▶ **Assignment**: Exact reproduction is required for the lines below starting at the line with "L’affichage dynamique arrive" and ending at the line with "Jahrgang 1890 Trauben", both included. No other lines, and no pictures.

▶ **Raw data**:
=== Section Start ===

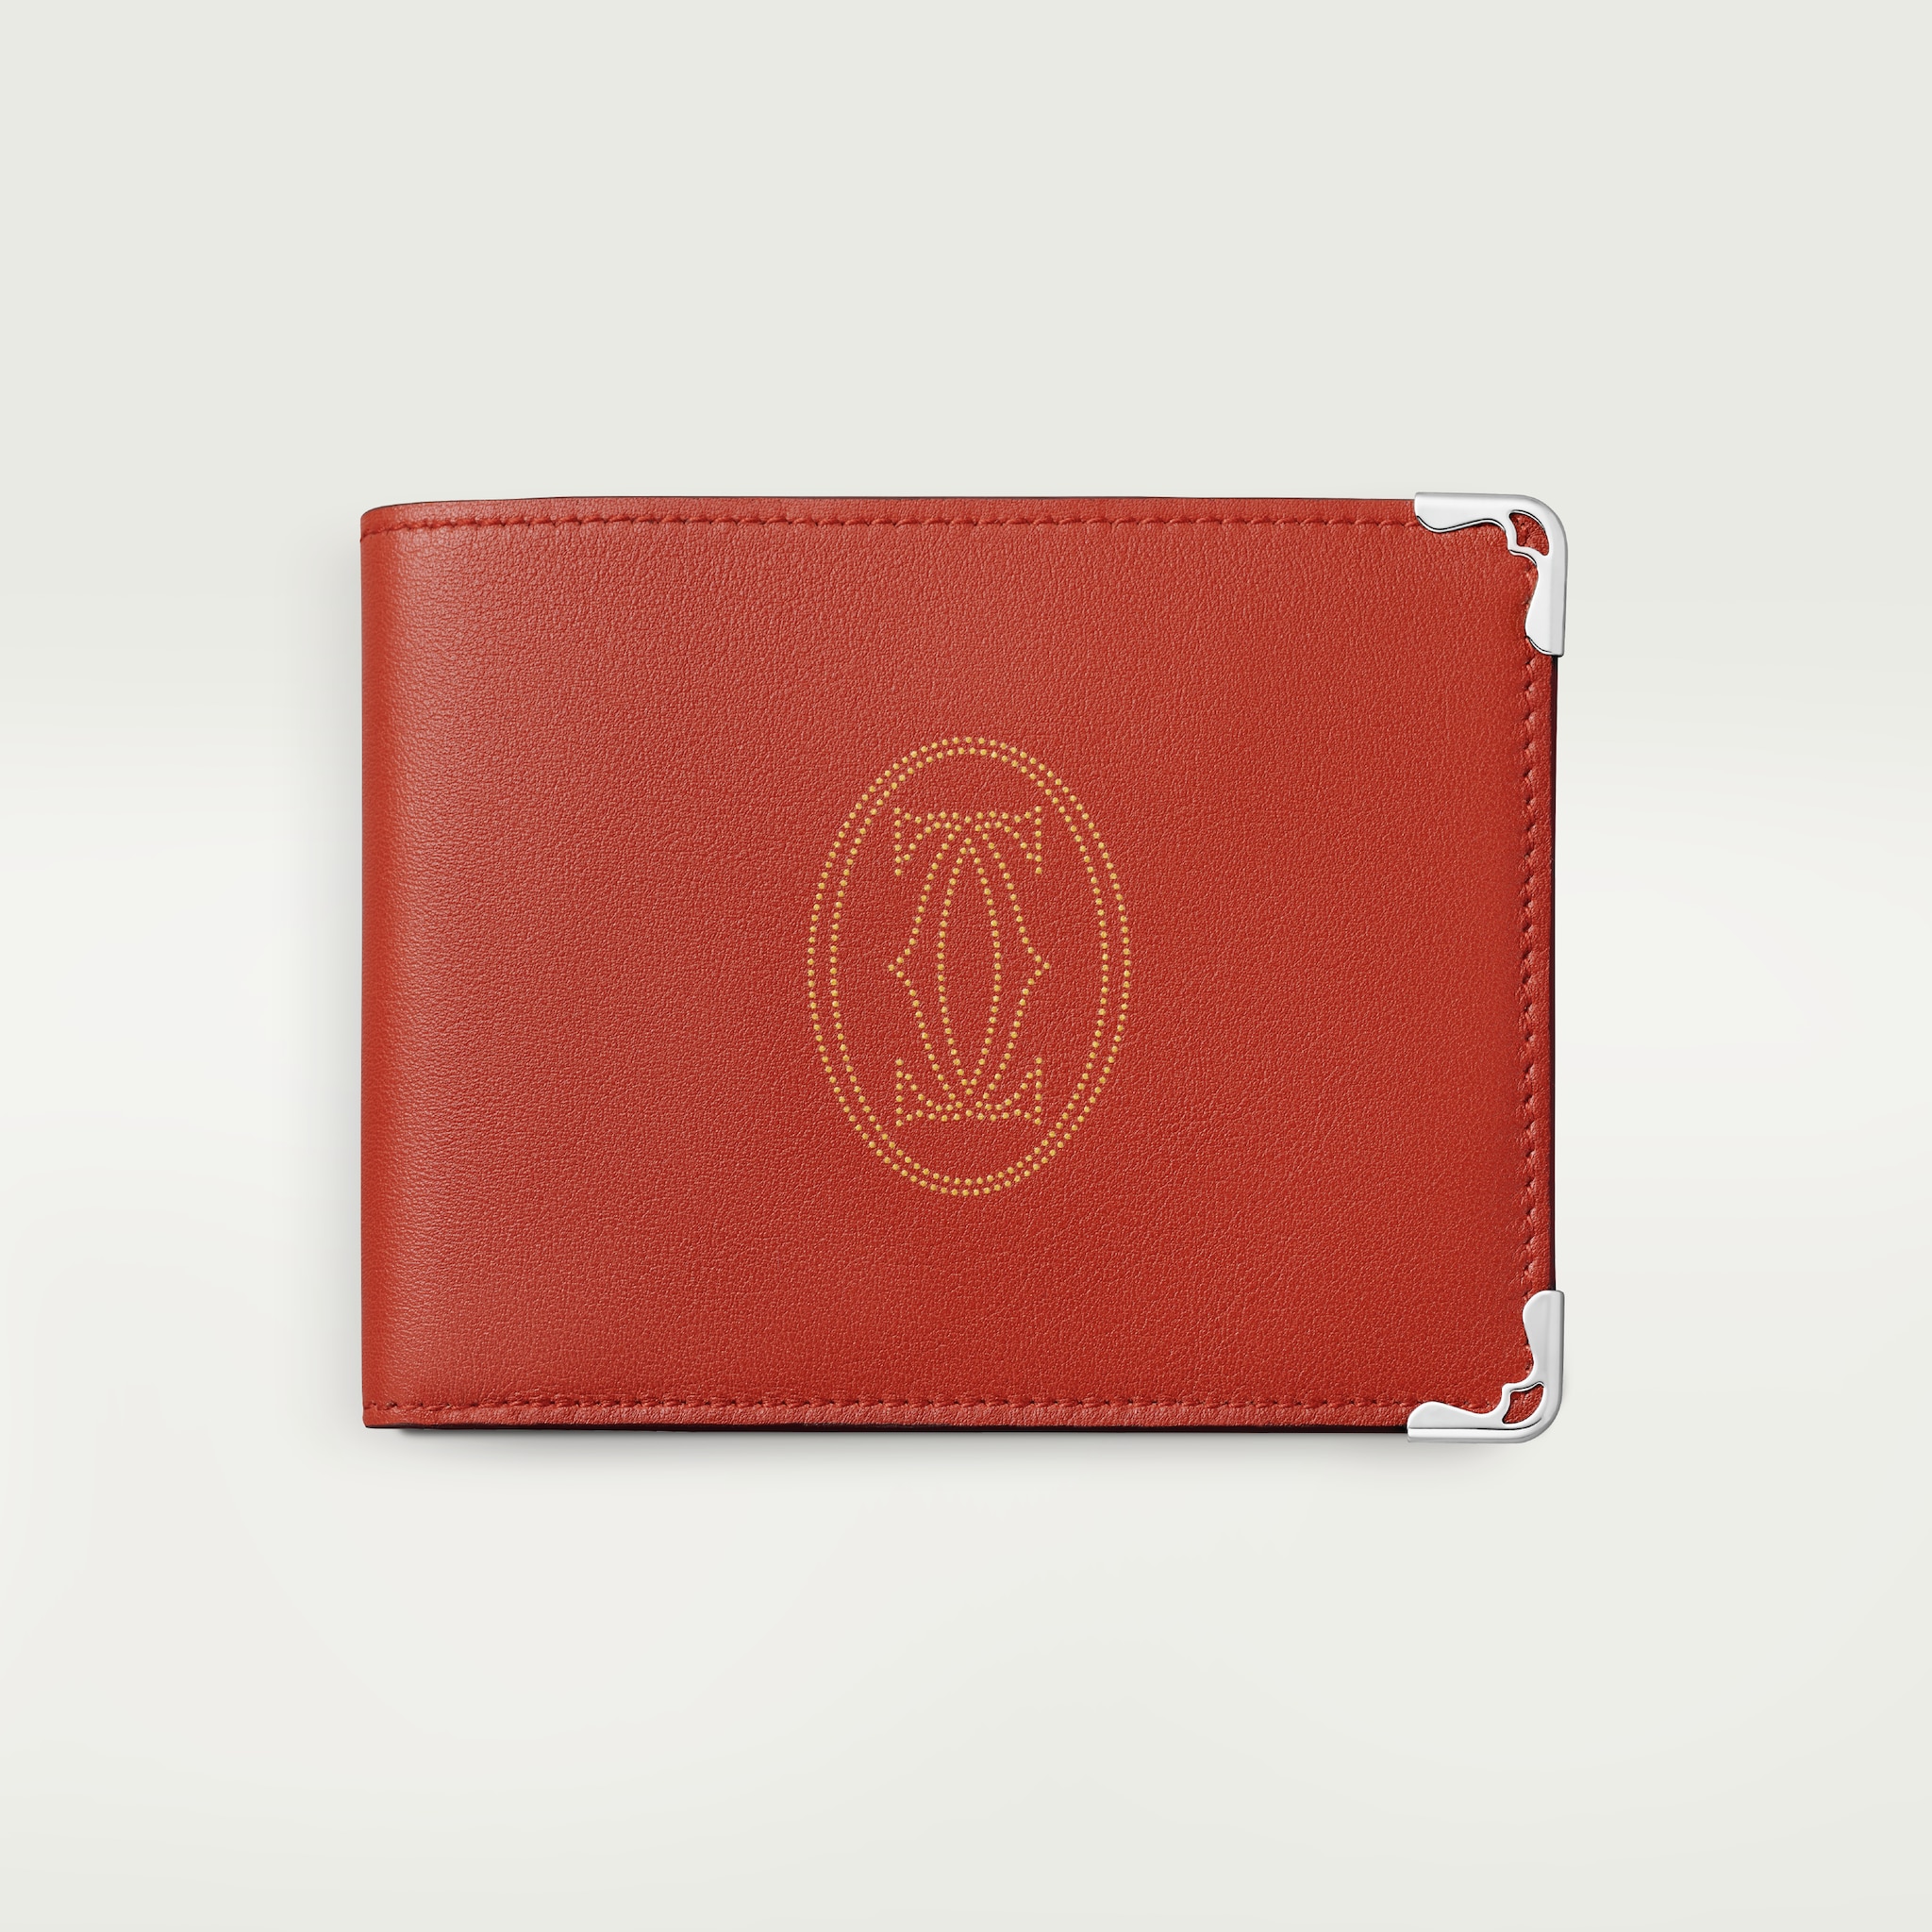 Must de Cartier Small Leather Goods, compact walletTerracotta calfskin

=== Section End ===
=== Section Start ===

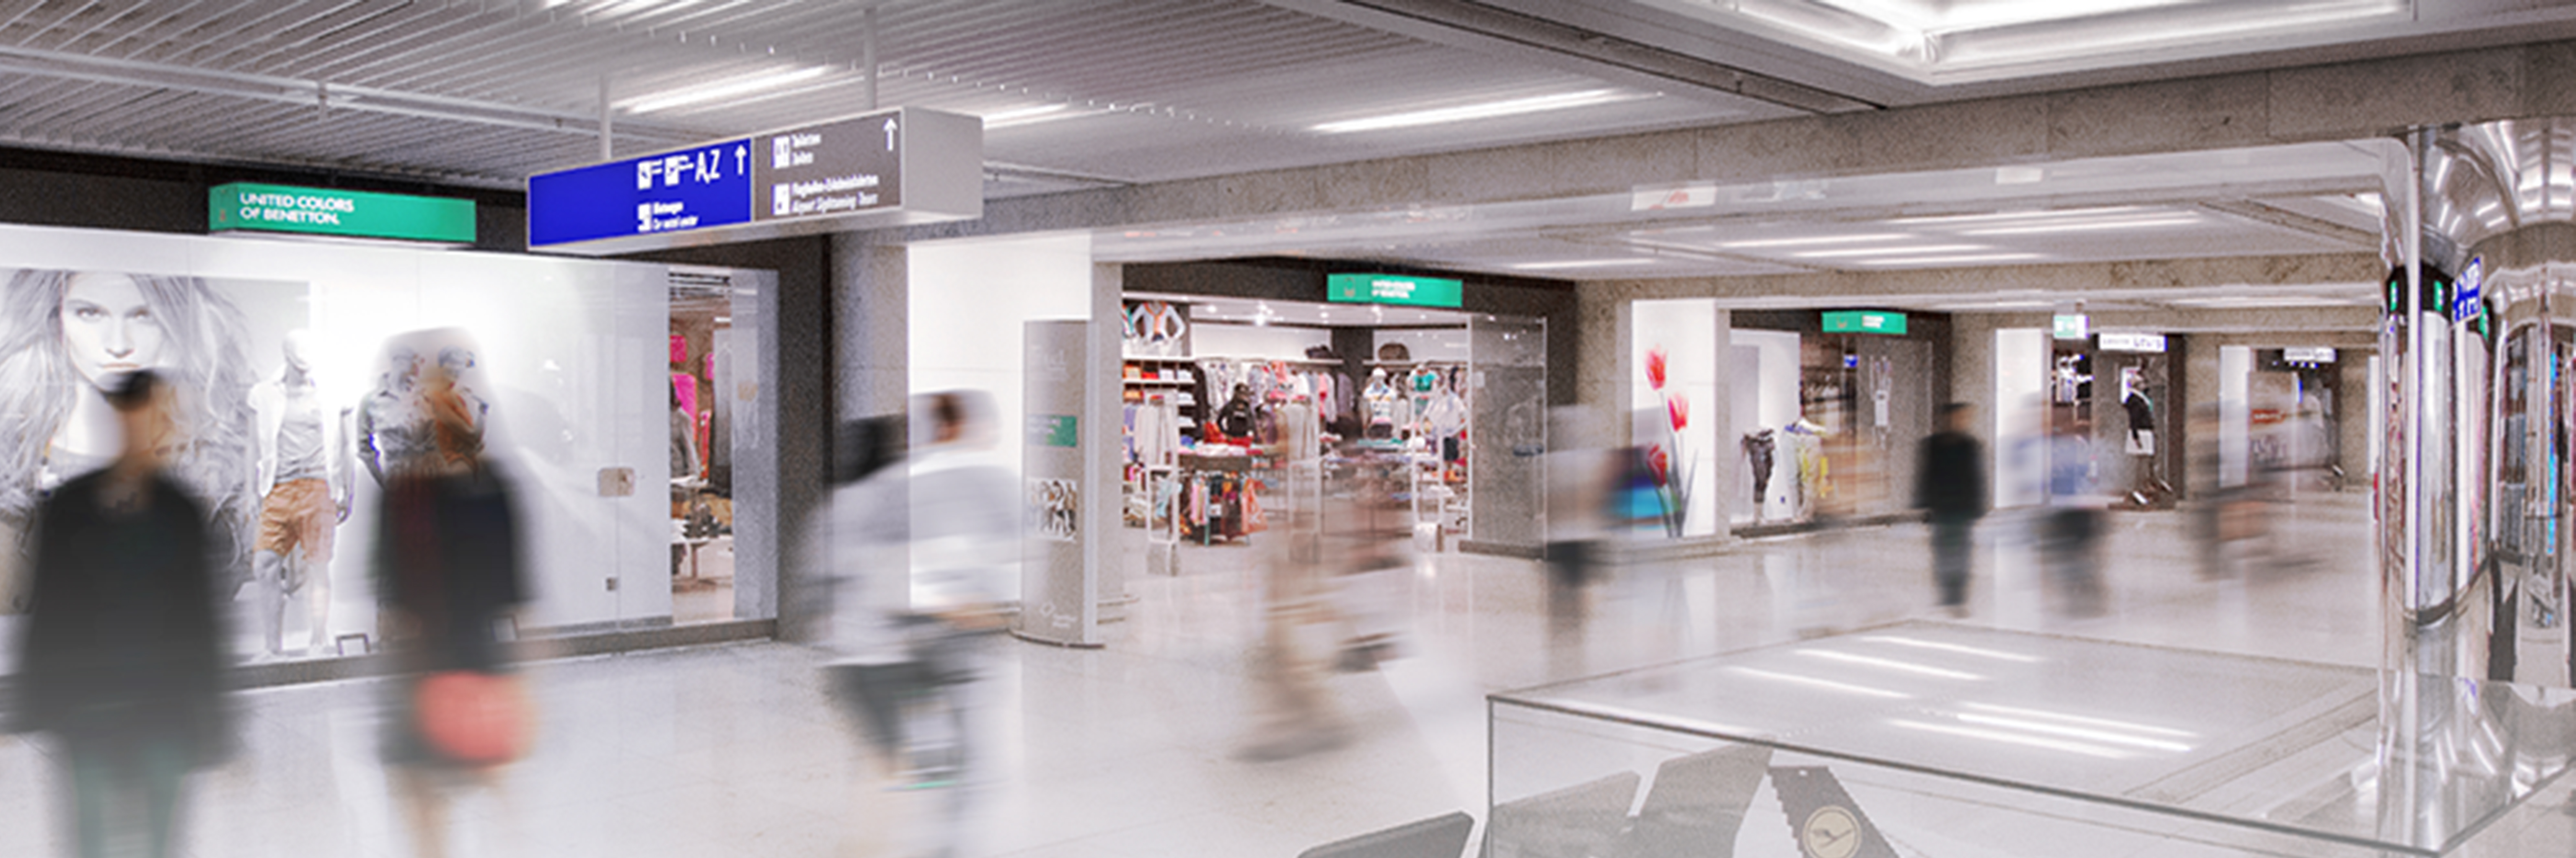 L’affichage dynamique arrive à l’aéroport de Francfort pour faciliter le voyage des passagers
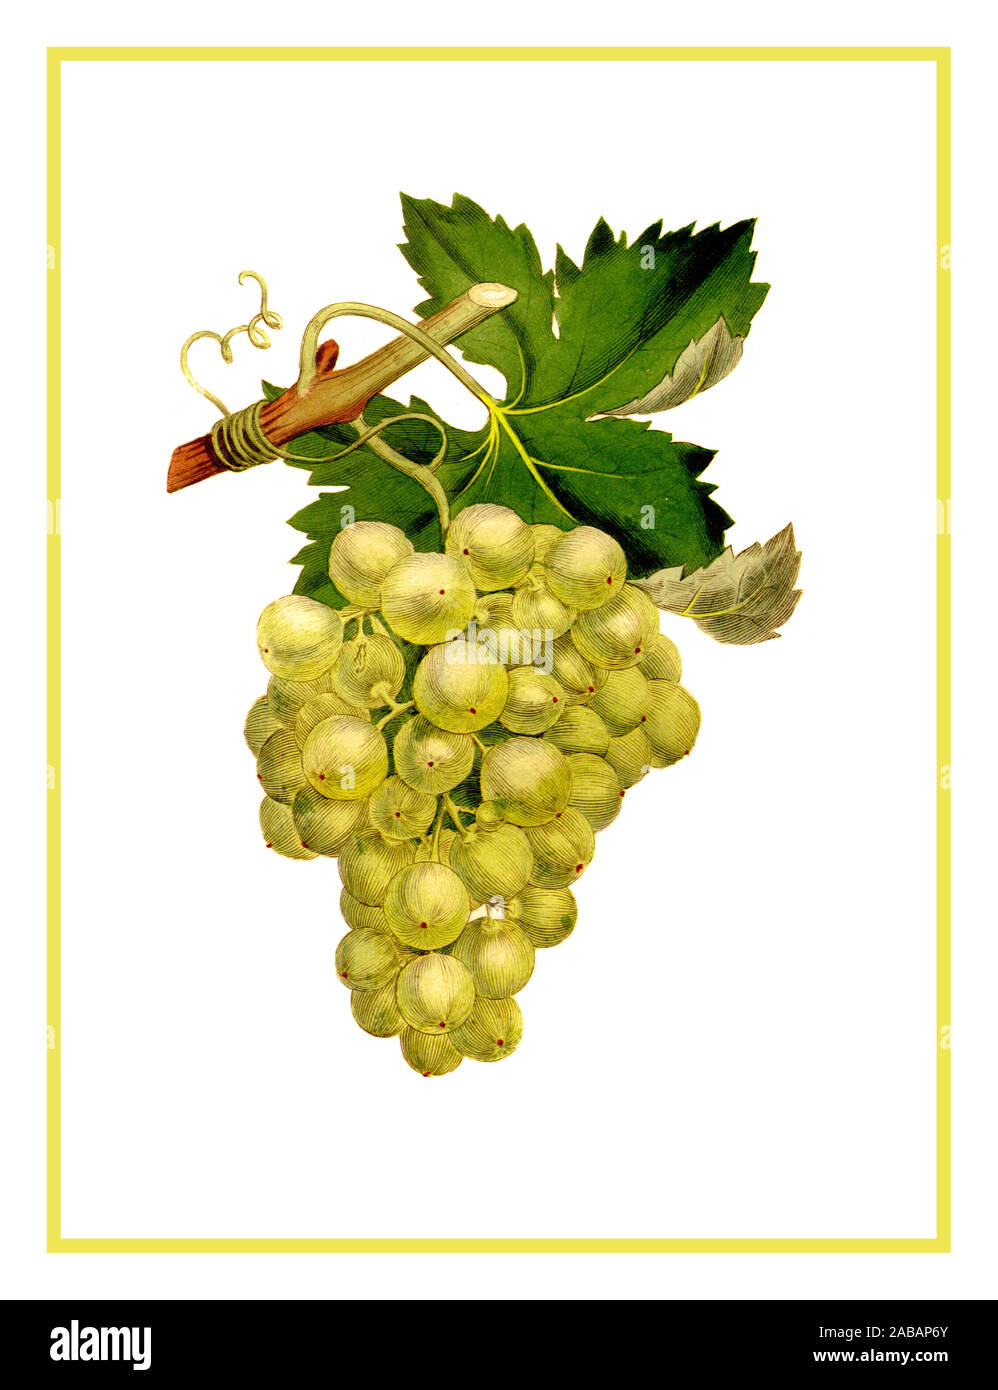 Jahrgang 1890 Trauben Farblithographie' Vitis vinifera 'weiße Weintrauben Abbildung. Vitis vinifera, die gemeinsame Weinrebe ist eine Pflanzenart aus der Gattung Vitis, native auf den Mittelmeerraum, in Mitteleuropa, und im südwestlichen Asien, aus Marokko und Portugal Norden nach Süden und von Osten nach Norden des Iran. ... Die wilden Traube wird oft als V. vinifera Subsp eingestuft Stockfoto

=== Section End ===

▶ **Task answer**:
 L’affichage dynamique arrive à l’aéroport de Francfort pour faciliter le voyage des passagers
 Jahrgang 1890 Trauben Farblithographie' Vitis vinifera 'weiße Weintrauben Abbildung. Vitis vinifera, die gemeinsame Weinrebe ist eine Pflanzenart aus der Gattung Vitis, native auf den Mittelmeerraum, in Mitteleuropa, und im südwestlichen Asien, aus Marokko und Portugal Norden nach Süden und von Osten nach Norden des Iran. ... Die wilden Traube wird oft als V. vinifera Subsp eingestuft Stockfoto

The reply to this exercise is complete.